The last issue is the abuse of user account privilege. The reason this is a big issue is that it is fairly impossible to train every employee at ABC Limited in cybersecurity. Lack of this training makes them susceptible to social engineering attacks from the internet. Social engineering is where attackers use various tricks to retrieve information from employees like usernames and passwords, operating systems and network privileged information (Oriyano 2014). When attackers have access to such information during their footprinting attack stage, compromising the system becomes very easy for them.

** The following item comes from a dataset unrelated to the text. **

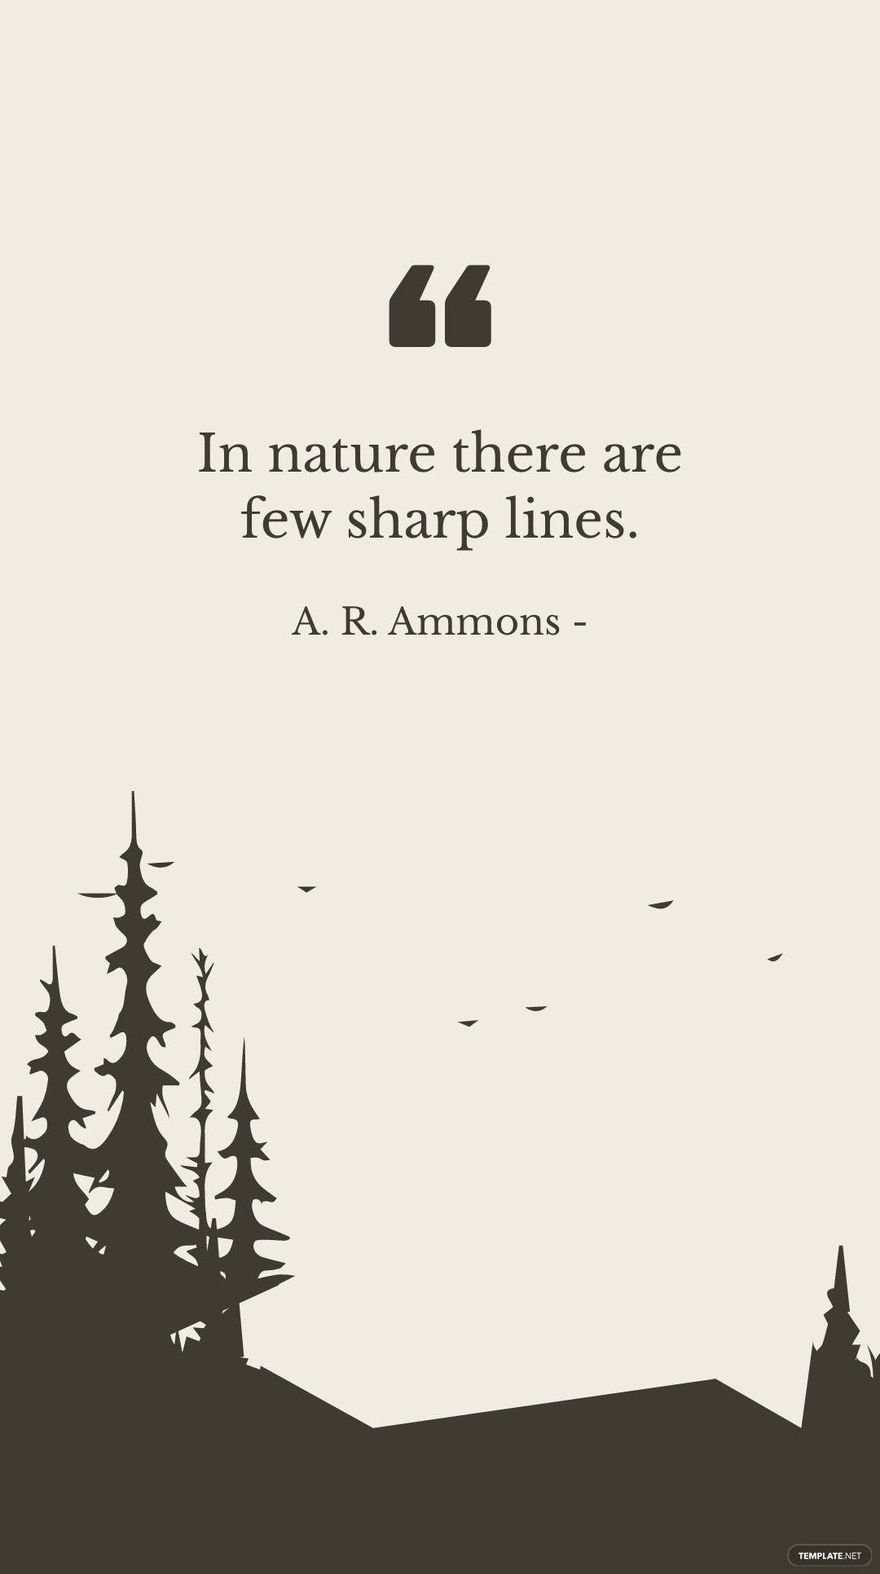 A. R. Ammons - In nature there are few sharp lines.

Possible Solutions to the Security of Organisational Information Systems

The issues addressed compromise the integrity and availability of information in organisation information systems. Various solutions have been put forward to address some of these issues. Such issues are such as government legislation and countermeasures where the governments all around the world have put severe punishments for hackers who are caught accessing information from systems that they do not have authorisation. Governments have also promised international cooperation with other governments pursuing hackers across geographical boundaries (Smith 2002). This means that if a hacker from country A has been traced trying to commit a cybercrime to ABC Limited in country B, law enforcement in country B has the legal capability to pursue the hacker all the way to country A.

Another countermeasure is education and training. The Electronic Commerce Council introduced certifications for cybersecurity students such as the Certified Ethical Hacker where a system administrator in ABC Limited can learn and improve his or her skills (Cadwell 2011). The system admin, in this case, learns to keep hackers out by becoming an ethical hacker, commonly referred to as ‘white coat’ (Cadwell 2011). In such a course the students are taught various skills such as reverse engineering where they can discern malware and understand the intentions of a hacker thereby coming up with a means to stop him or her.

Lastly, ABC Limited in an attempt to improve the security of their information systems can actively engage in research. Tech companies such as CISCO are constantly working on hardware that prevents compromise on networks (Carter 2001). By staying up to date with trending tools and training, ABC can continuously improve their systems which would, in turn, ensure that information stays safe. Information Security is not absolute and it takes a number of ways to lower the risk.

References

Caldwell, T. (2011). Ethical hackers: putting on the white hat. Network Security, 2011(7), 10-13.

Carter, E., & Foreword By-Stiffler, R. (2001). Cisco secure intrusion detection systems. Cisco Press.

Hayes, S., Shore, M., & Jakeman, M. (2012). The changing face of cybersecurity. ISACA Journal, 6, 29.

Oriyano, S. P. (2014). Ceh: Certified ethical hacker version 8 study guide. SYBEX Inc.

Smith, A. D., & Rupp, W. T. (2002). Issues in cybersecurity; understanding the potential risks associated with hackers/crackers. Information Management & Computer Security, 10(4), 178-183.